HER İNSANIN İÇİNDE CENNET VE CEHENNEM VAR
* Anlattıklarınızla bir kere daha İslam’ın ne kadar hoşgörülü bir din olduğunu gördük ama diğer yandan kendilerine Müslüman diyen IŞİD var...
- Her insanın içinde cennet ve cehennem var. İçinde cehennem ateşi yanan insanlar, bunu dışarı çıkarmak için harekete geçerler. Yaptıklarına da komünizm, faşizm, kapitalizm yani -izm ile sona eren bir kılıf hazırlarlar. Bir de din adına böyle şeyler yapanlar var ki, onlar kendilerinin temize çıktığını düşünürler. Bu ezelden beri uygulanan bir yöntem. Haçlılar da, Hitler de bunu kullanmış...
* Hâlâ da kullanıyor...
- Hep olacak! Ama çok büyük günah işliyorlar. Ben IŞİD’i Müslüman olarak addedemiyorum. İnsan öldürmek en büyük günahtır. Dinimizde savaş korunmak için yapılır. Gerçek Müslümanlık nefsiyle mücadele edip, insanlık alemini kucaklayan, Peygamberin yaşadığı gibi herkesin yoluna hürmet eden, onların hata yapmalarında da hak tanıyandır. Bununla yaşamadığımızdan bugün sıkıntı içindeyiz.
* Hepimizin kitabı, peygamberi aynıyken bunlar nasıl olabiliyor... Aynı şey mezhepler arasındaki çatışmalarda da yok mu?

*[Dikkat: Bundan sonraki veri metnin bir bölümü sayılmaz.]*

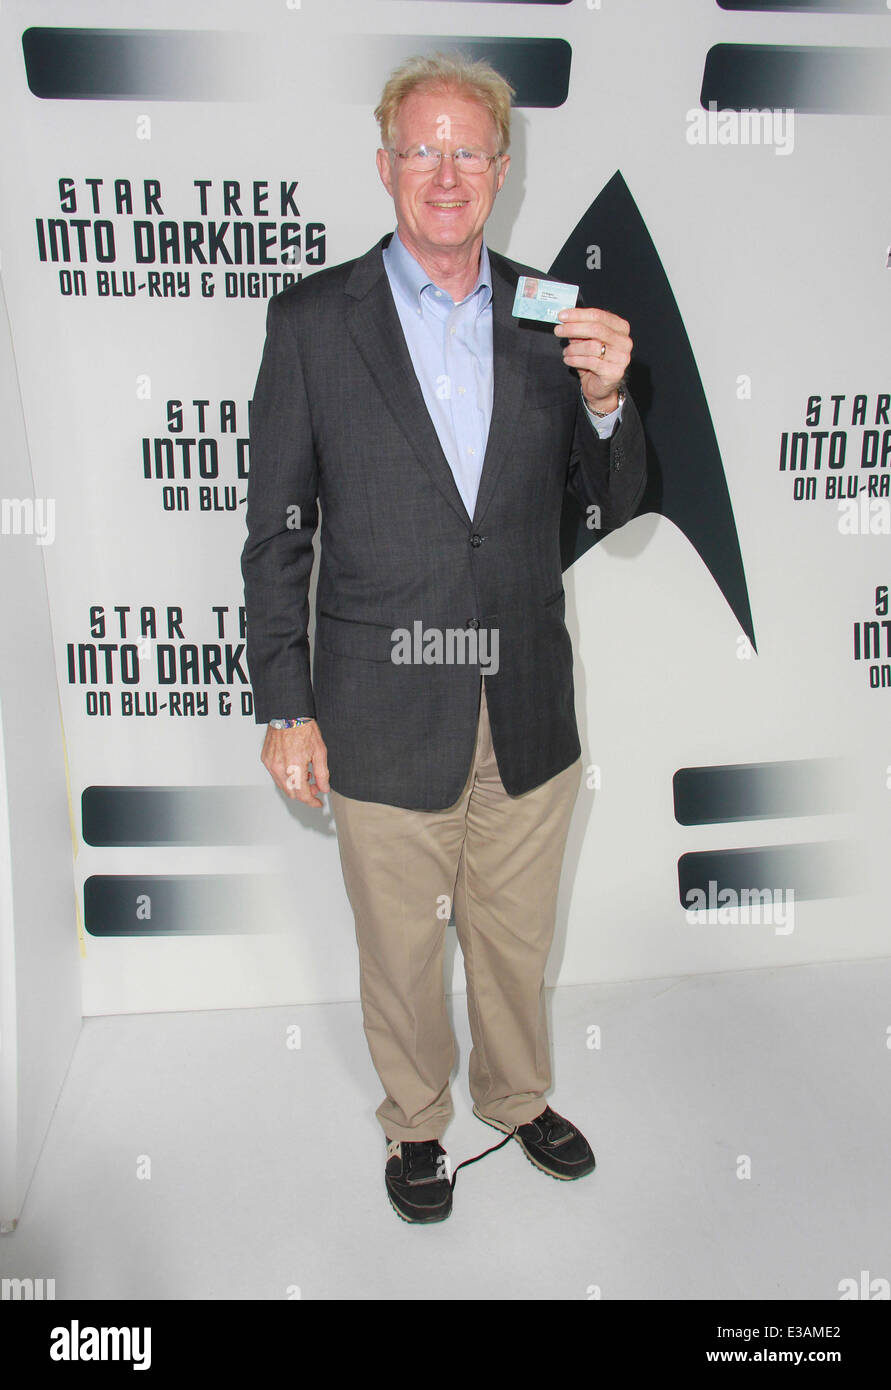 Paramount Pictures Celebrates The Blu-ray And DVD Debut Of 'Star Trek: Into Darkness' Held at California Science Center  Featuring: Ed Begley Jr. Where: Los Angeles, California, United States When: 11 Sep 2013 Stock Photo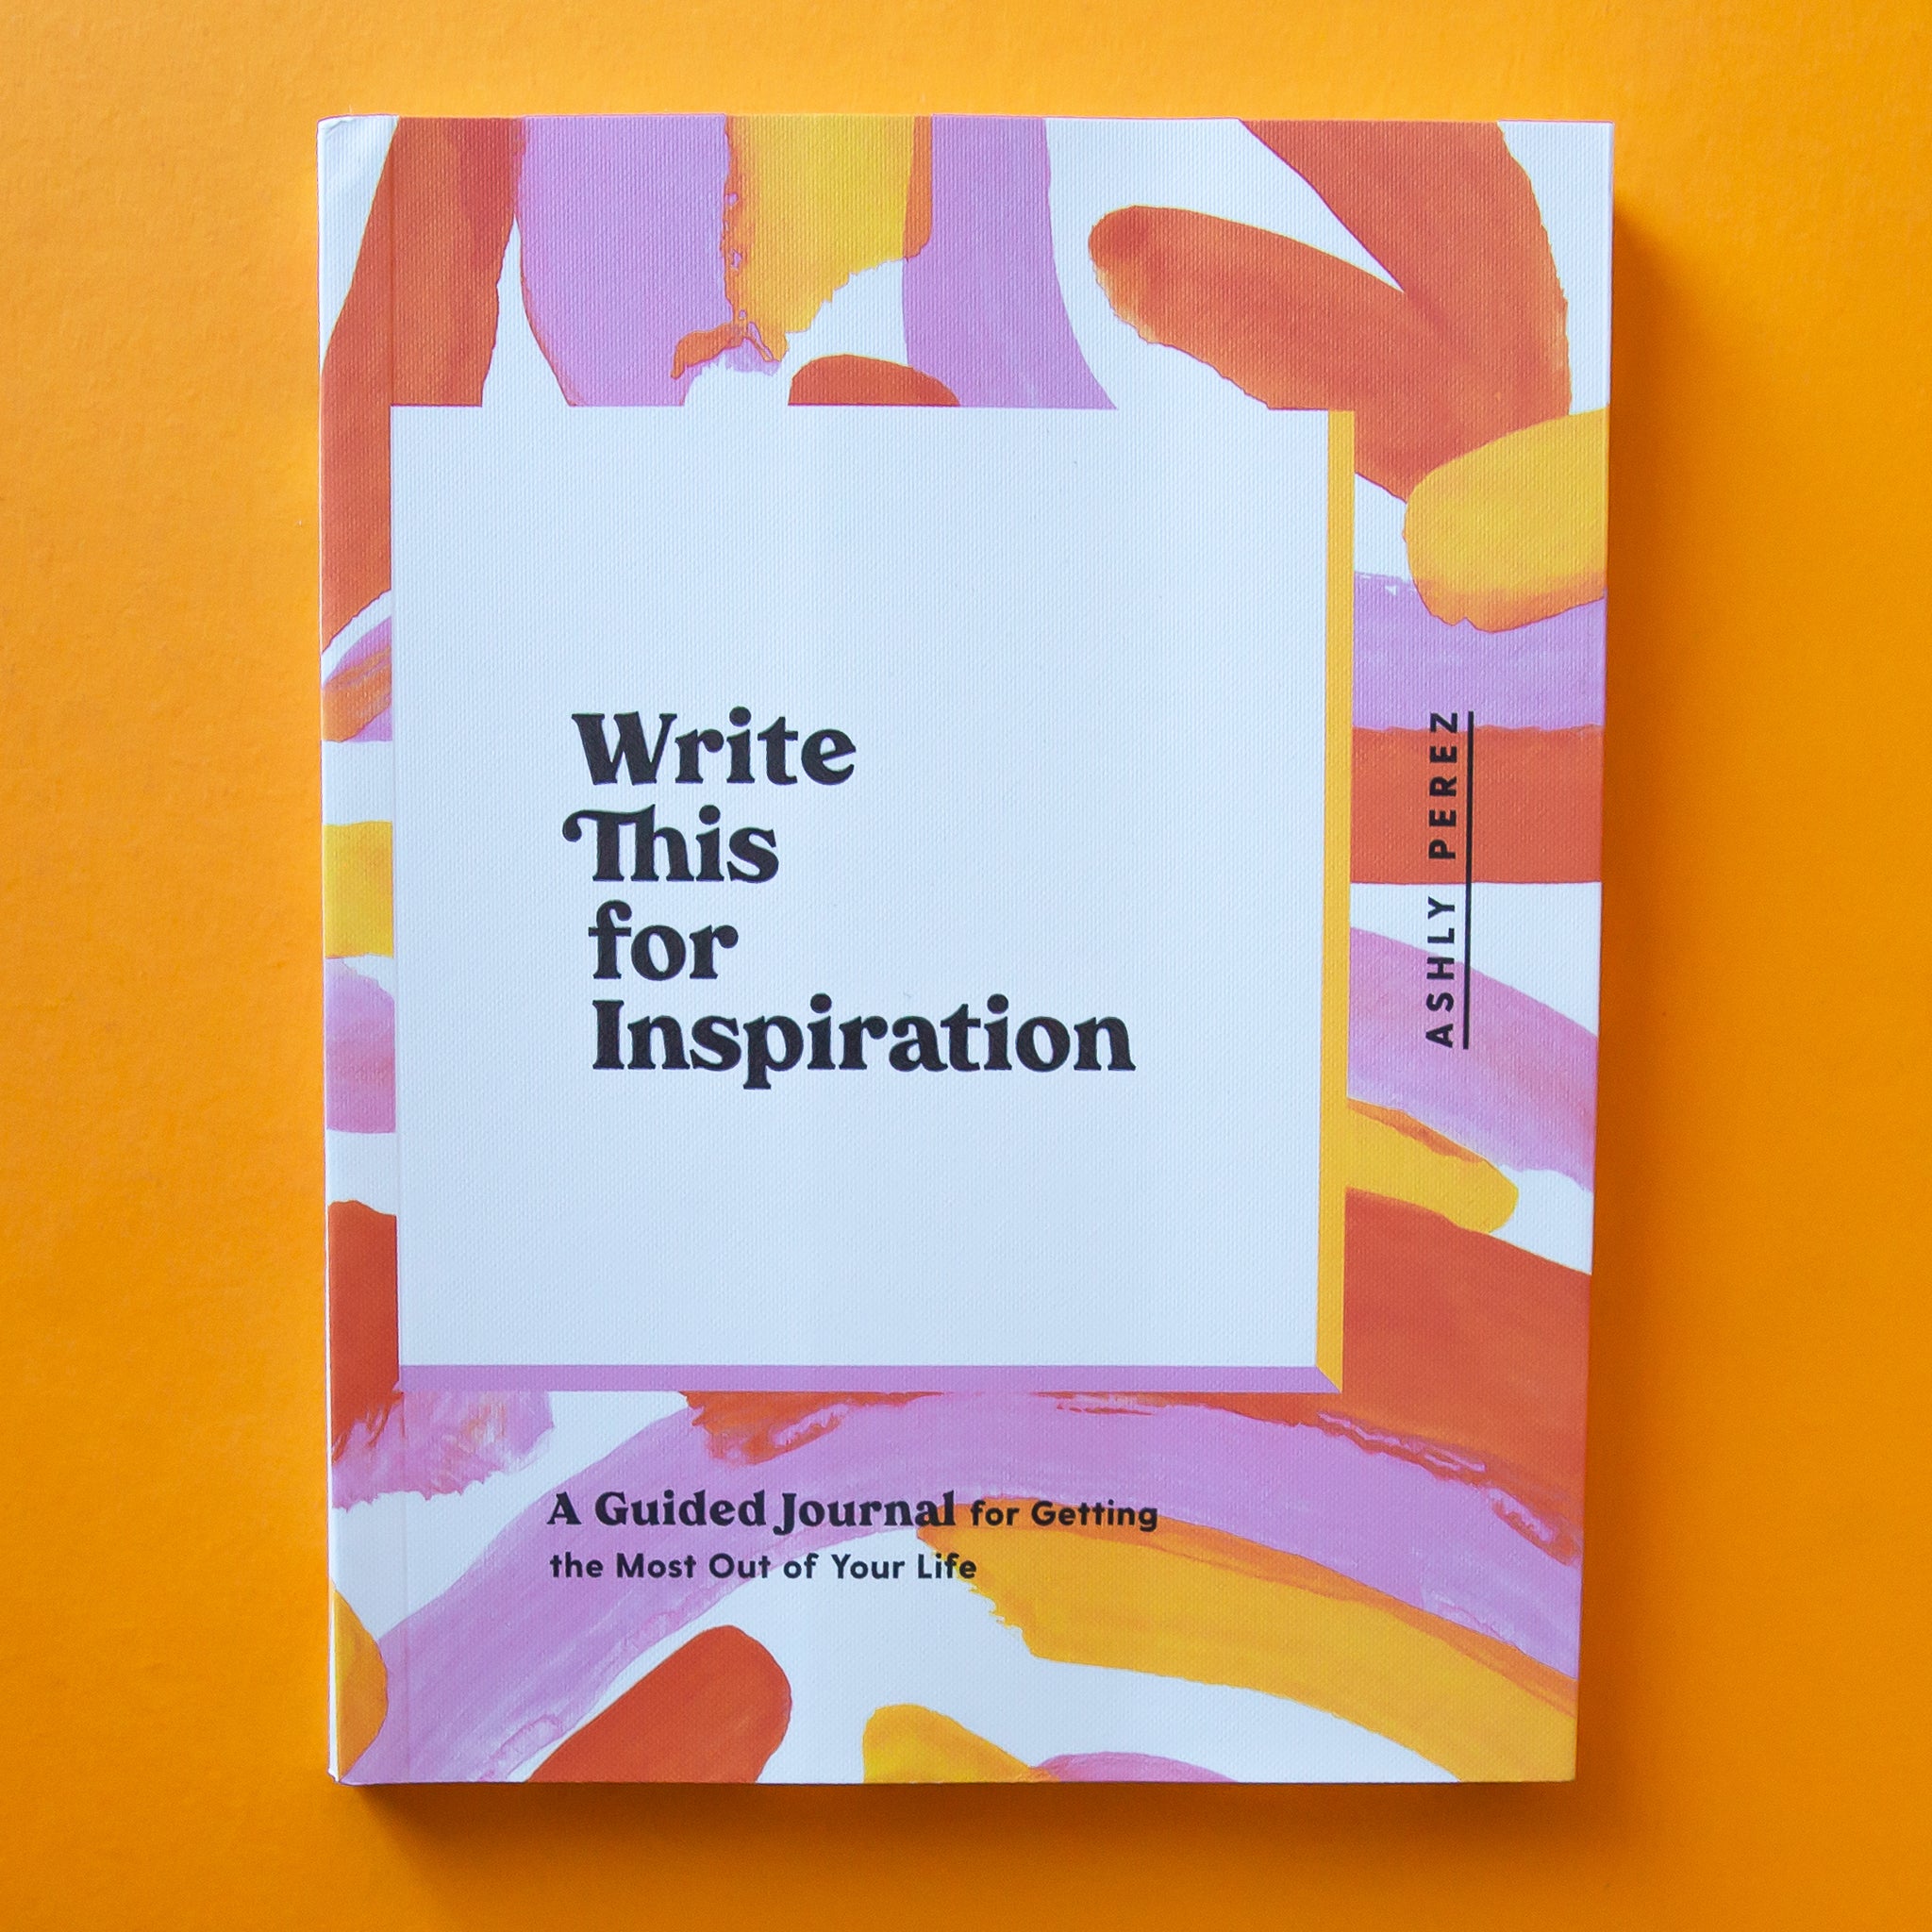 This journal is titled &#39;Write This for Inspiration by Ashly Perez&#39; in black lettering and has an enjoyable free-hand painted design with shades of pinks and oranges on top of a white background. The binding of the book is also white with the title spelt out in similar colorful lettering.

- Mezheplere bölünmekte bir hata yok. Yollar vardır. Sen St. Benoit’da okumak istersin, ben Robert Kolej derim. Her ikisi de aynı matematiği, fiziği öğretir ama kendi yöntemiyle... Mezhebi böyle gördüğün zaman bir mahsuru yok. Bu bakış açısıyla alakalı. Herkes karşısındakinin benimsediği yola hürmet ederek istediği yolu seçebilir. İbn-i Arabi’nin camisindeki dört duvarın dibinde dört ayrı mezhep aynı anda eğitim görüyor. Hepsi birbirine karışmış durumda. Bundan daha güzel bir örnek olabilir mi!
ÇOCUĞUM ÖLDÜĞÜNDE ANNEM ÜZÜLMESİN DİYE AĞLAMADIM...
* Hangisi daha zor; Meşkure Sargut’un kızı olmak mı, Kerim gibi güçlü bir karakterin annesi olmak mı?
- Meşkure Sargut’un kızı olmak çok zordu. Ama zoru sevdiğimden bu benim için aynı zamanda inanılmaz da zevkliydi. Kardeşimin “Annemle babam bizden hata yapma hakkını kaldırdılar” sözü aslında öyle bir kadının çocuğu olmayı çok net şekilde özetliyor. İnan ki oğlum bir an bile mutsuz ya da huzursuz olamazdık. Kendi çocuğum öldüğünde annem üzülmesin diye ağlamadığımı bilirim.
* Bu anlattıklarınız bana sanki farklı bir dünyaymış gibi geliyor...
- Evladımı kaybettiğimde tabii ki acı çektim, hem de öyle yanıyordu ki içim onu bastırsın diye ateşle elimi yaktığımı bile hatırlıyorum. Fakat hiçbir zaman huzursuz, mutsuz olmadım.
Daha küçücük bir çocukken bile anneme “Hastayım” dediğimde, “Aa ne demek hastayım! Hastalık Allah’ın selamıdır, misafiridir. Haydi hemen secde et” derdi.
Sonunda annemi anladım ve mutlu oldum. Bugünkü huzurumu tamamen ona borçluyum. Böylece içimde cehennem hiç kurulmadı. Allah beni seçip evlat acısı vermiş, demek ki dayanabileceğimi biliyor diye düşünüyor insan.
YENİ KİTABI ÇIKTI
Cemalnur Sargut’un yeni kitabı “Gözlerin Nuru Namaz” geçtiğimiz günlerde okurla buluştu.